Lot Owner's Responsibility. It shall be the duty of the owner of any lot or parcel of ground in the City to properly cause such trees or tree limbs as are described in Subsection (A) of this Section to be cut down and no tree or tree limb in the City which has been cut down or which has fallen or been broken down shall be permitted to remain in or upon any sidewalk, street or adjacent property in the City or so near thereto as to endanger any person thereon, and it shall be the duty of the owner of such lot or parcel of ground to cause the same to be promptly removed and it shall be unlawful for any such owner to fail so to do.
Nuisances. Trees or tree limbs on private land that cause obstructions, present insect or disease problem or otherwise present a danger to public health or safety are hereby declared to be a nuisance. The City may order such trees to be pruned, removed or treated. This includes, but is not limited to, trees diagnosed with Dutch elm disease or oak wilt.

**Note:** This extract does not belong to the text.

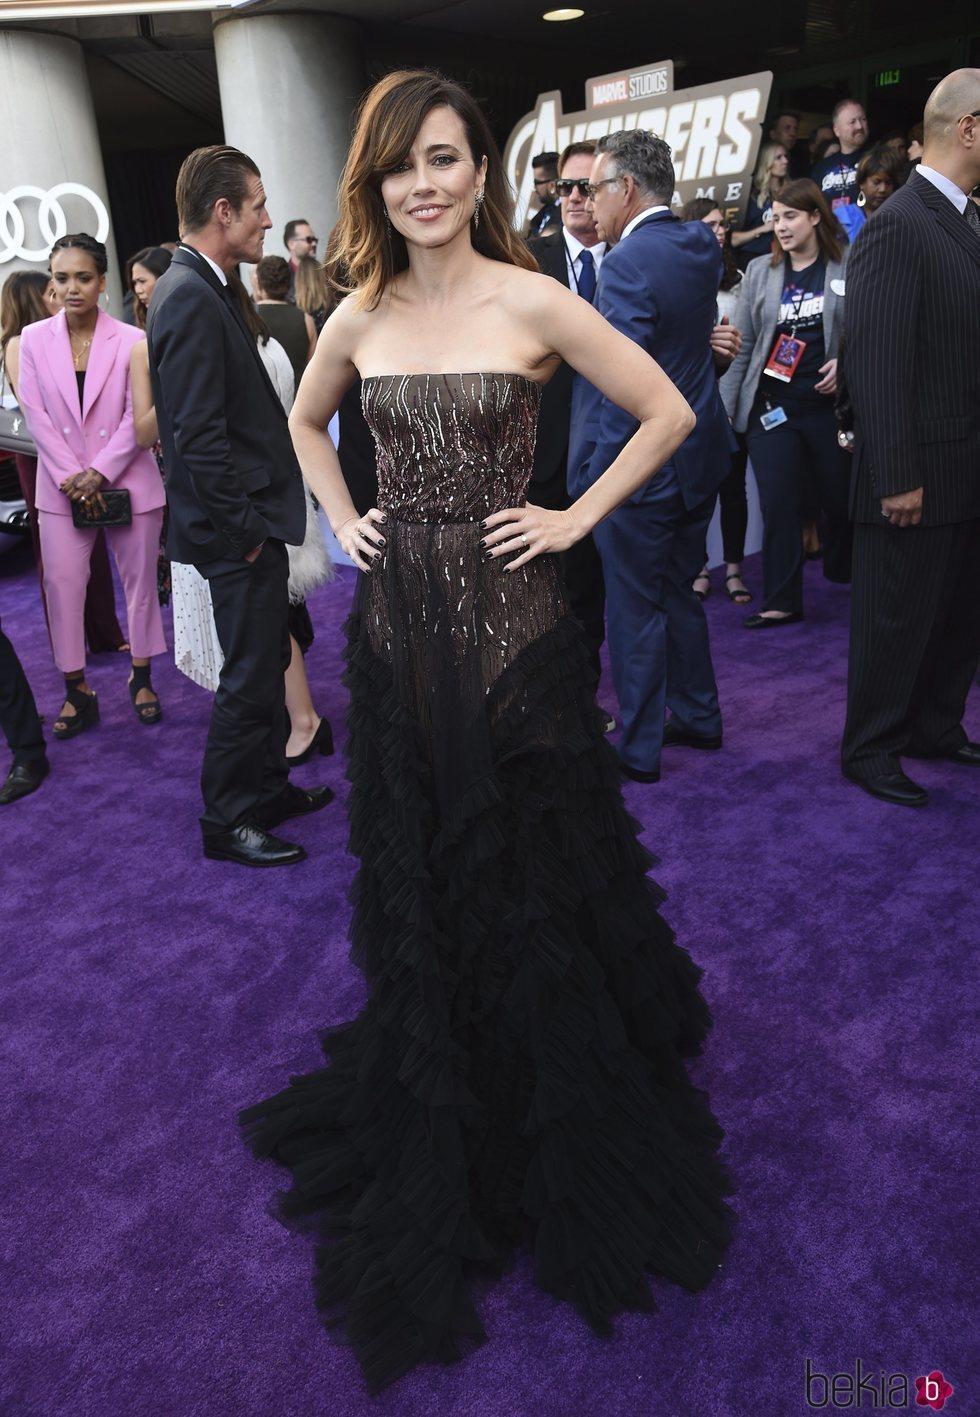 Linda Cardellini en la premiere de 'Vengadores: Endgame'

[Ord. No. 1-532 §1, 5-24-2010]
It shall be unlawful for any person who owns, manages or occupies any premises within the City to allow trees, shrubs, plants or other vegetation to be planted or allowed to grow in such a manner as to materially obstruct vision in the street right-of-way or sight triangle as determined by the Public Works Director. Plantings and landscaping less than thirty (30) inches in height shall be exempt from these provisions unless declared a nuisance.
Owners shall trim all vegetation that obstructs the view or passage on any street, sidewalk or bike path. Street tree limbs shall be pruned to fourteen (14) feet or more in height above the road elevation. Dead limbs shall be removed to prevent becoming a hazard to the motoring and pedestrian public. All vegetation shall be trimmed so it shall not obstruct any street or traffic sign.